One way to find an explicit counterexample would be to find a $9 \times 9$ Latin square with no $3 \times 3$ submatrix containing each symbol in $\{1,2,\ldots,9\}$. But this attempt didn't work since I couldn't find one. Hence my question.

Answer 1

How about this one?

$$ \begin{bmatrix} 1 & 2 & 3 & 4 & 5 & 6 & 7 & 8 & 9 \\ 2 & 1 & 4 & 3 & 6 & 7 & 8 & 9 & 5 \\ 3 & 4 & 2 & 1 & 8 & 9 & 5 & 6 & 7 \\ 4 & 3 & 1 & 2 & 7 & 8 & 9 & 5 & 6 \\ 5 & 6 & 9 & 8 & 2 & 3 & 4 & 7 & 1 \\ 6 & 7 & 5 & 9 & 1 & 2 & 3 & 4 & 8 \\ 7 & 8 & 6 & 5 & 9 & 1 & 2 & 3 & 4 \\ 8 & 9 & 7 & 6 & 4 & 5 & 1 & 2 & 3 \\ 9 & 5 & 8 & 7 & 3 & 4 & 6 & 1 & 2 \\ \end{bmatrix}$$

I discovered it by modifying a Latin Square solver to add the restriction that no 3x3 submatrix can contain 9 different values. It found this in about 1 hour.

Answer 2

We might consider the general concept of a saturated sub-matrix, or $SSM$, being an $M \times K$ sub-matrix within a Latin square of of rank $N = M \times K$, that contains all $N$ values.

We are looking for Latin squares that are completely void of $SSM$s, so they might well be called poly-unsaturated!

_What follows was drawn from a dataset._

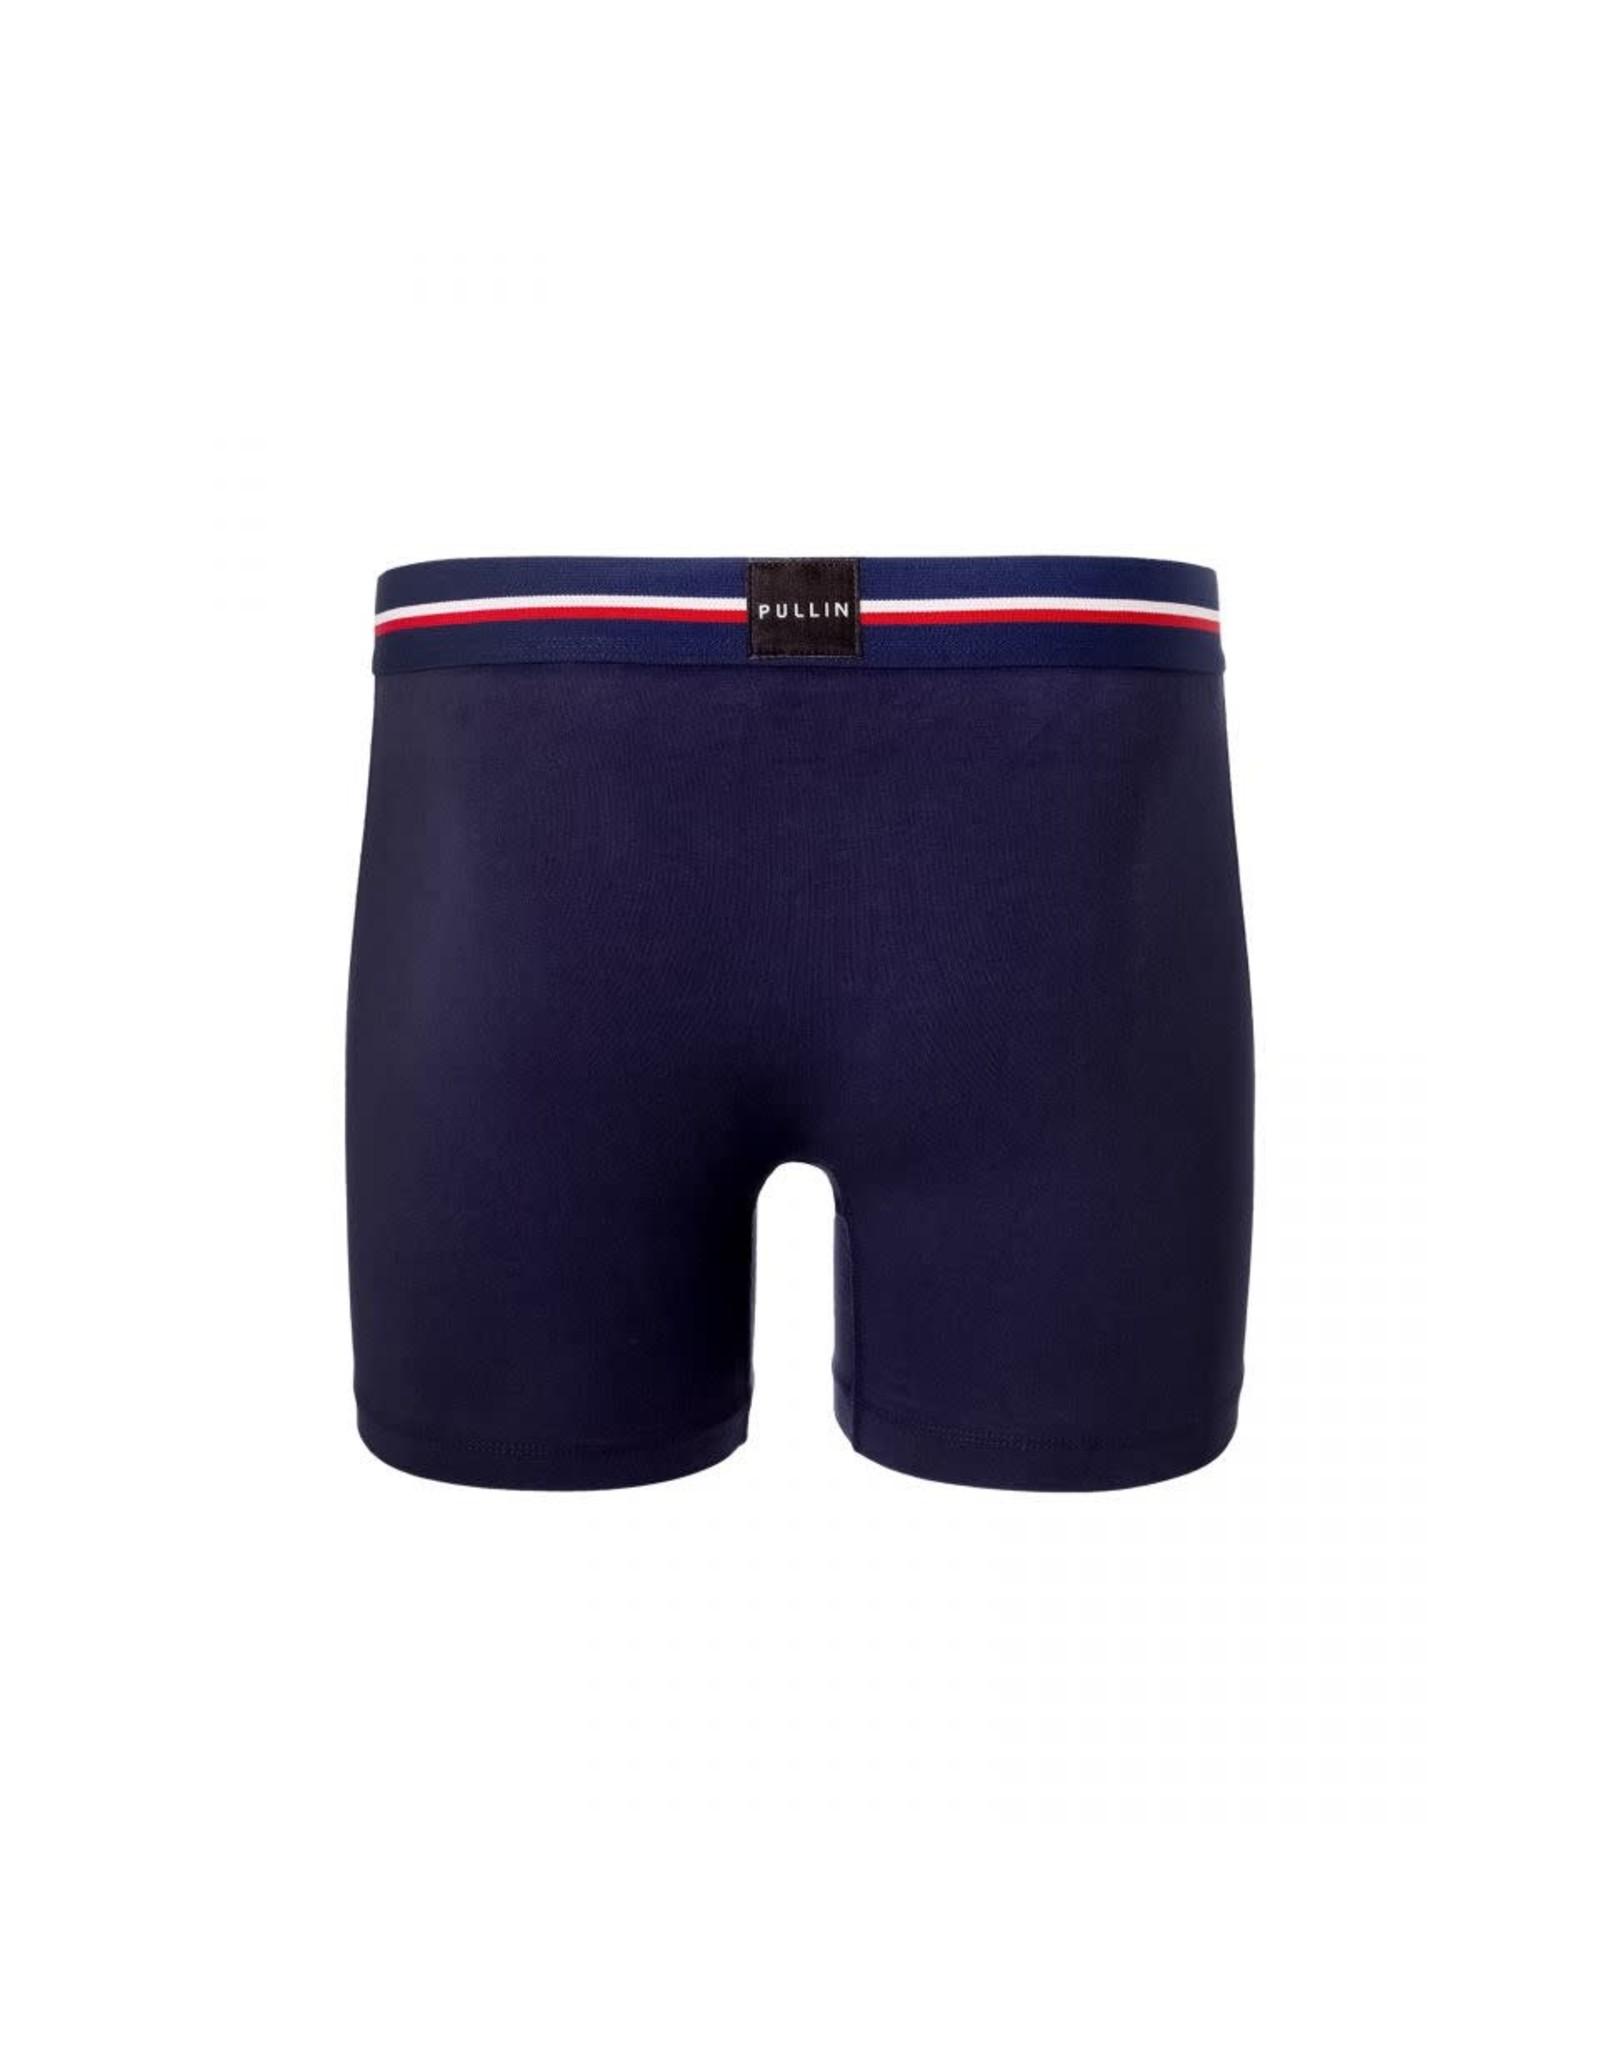 Pullin Sous-vêtement coton Pullin bleu Fashion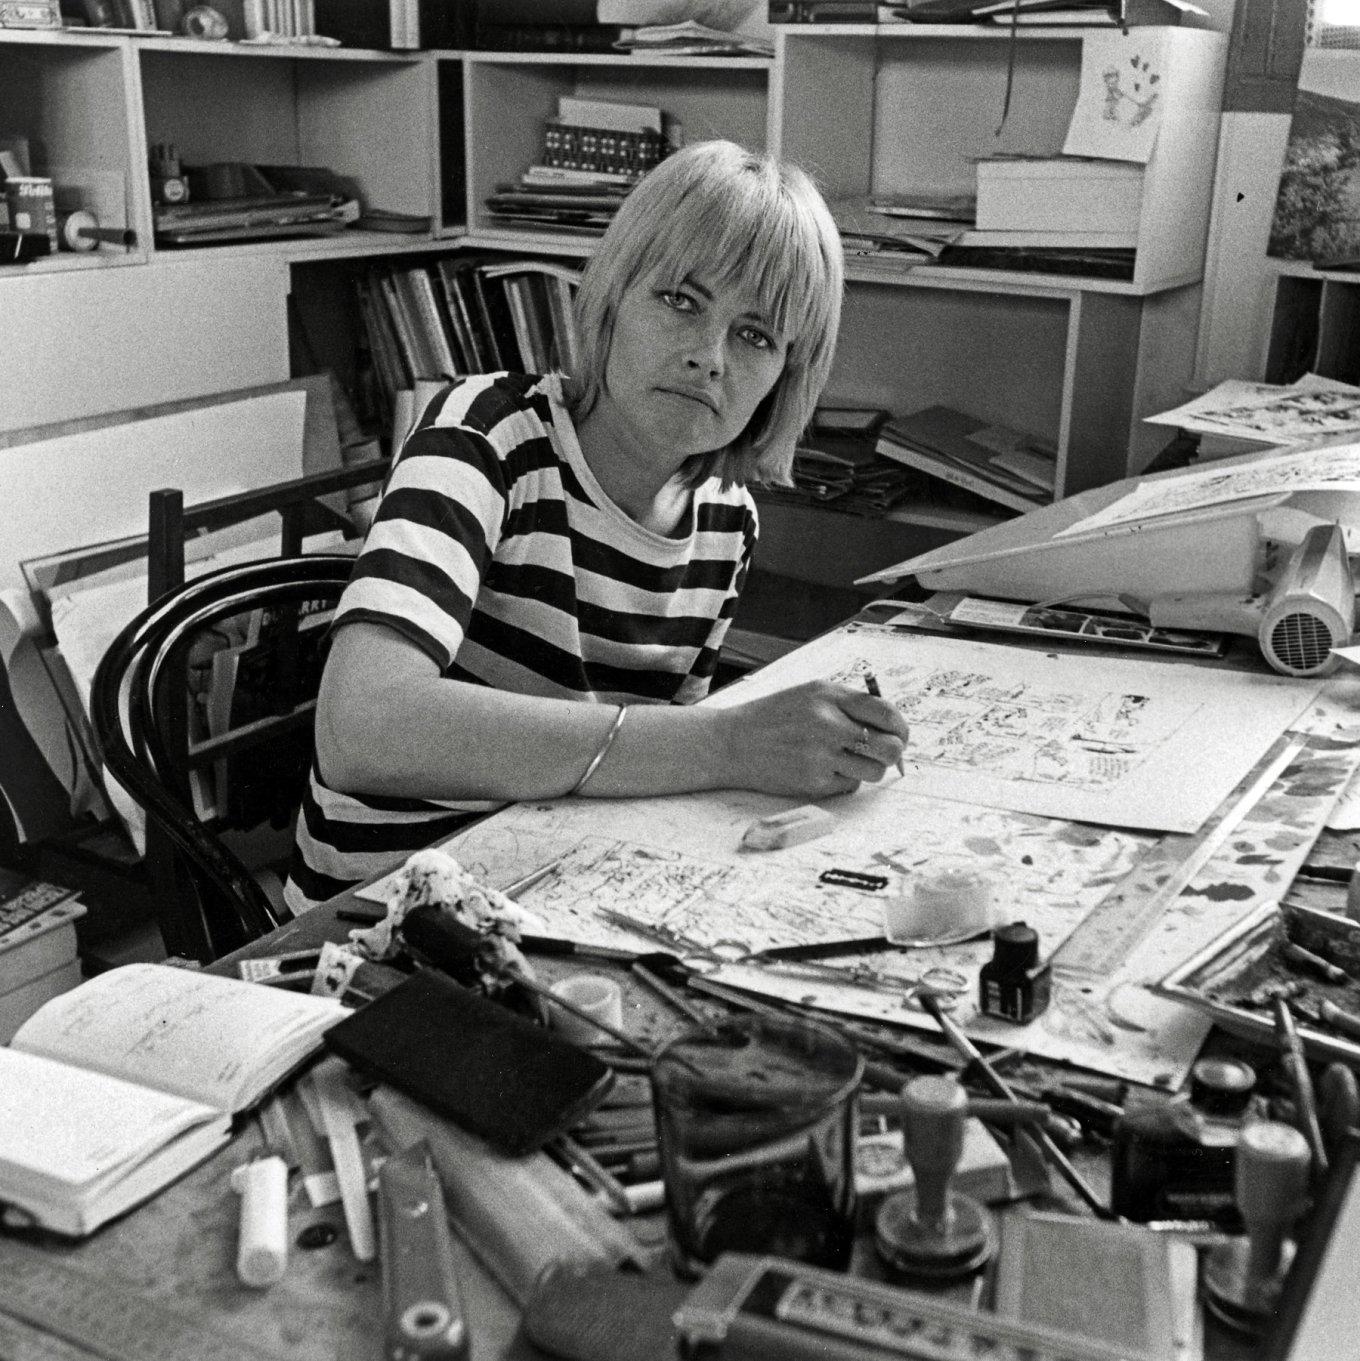 Claire Bretécher in her studio (1979)

For example $6 = 3 \times 2$. Of the 9408 reduced forms, just 6 are poly-unsaturated. Here is one of them:

$$\begin{bmatrix} 1 & 2 & 3 & 4 & 5 & 6 \\ 2 & 3 & 4 & 1 & 6 & 5 \\ 3 & 1 & 5 & 6 & 2 & 4 \\ 4 & 5 & 6 & 2 & 1 & 3 \\ 5 & 6 & 1 & 3 & 4 & 2 \\ 6 & 4 & 2 & 5 & 3 & 1 \end{bmatrix}$$

The counter is still running for $9 = 3 \times 3$, but these are definitely scarce objects.

I have also confirmed existence for $8 = 4 \times 2$. One is tempted to conjecture that for all $M,K \gt 1$, whenever $M \neq N$ they will be found to exist.

For $M = K$, well we now know that $N=9$ has poly-unsaturated forms, and $N=4$ does not. I don't know enough about cyclic groups to predict the result for $N=16$.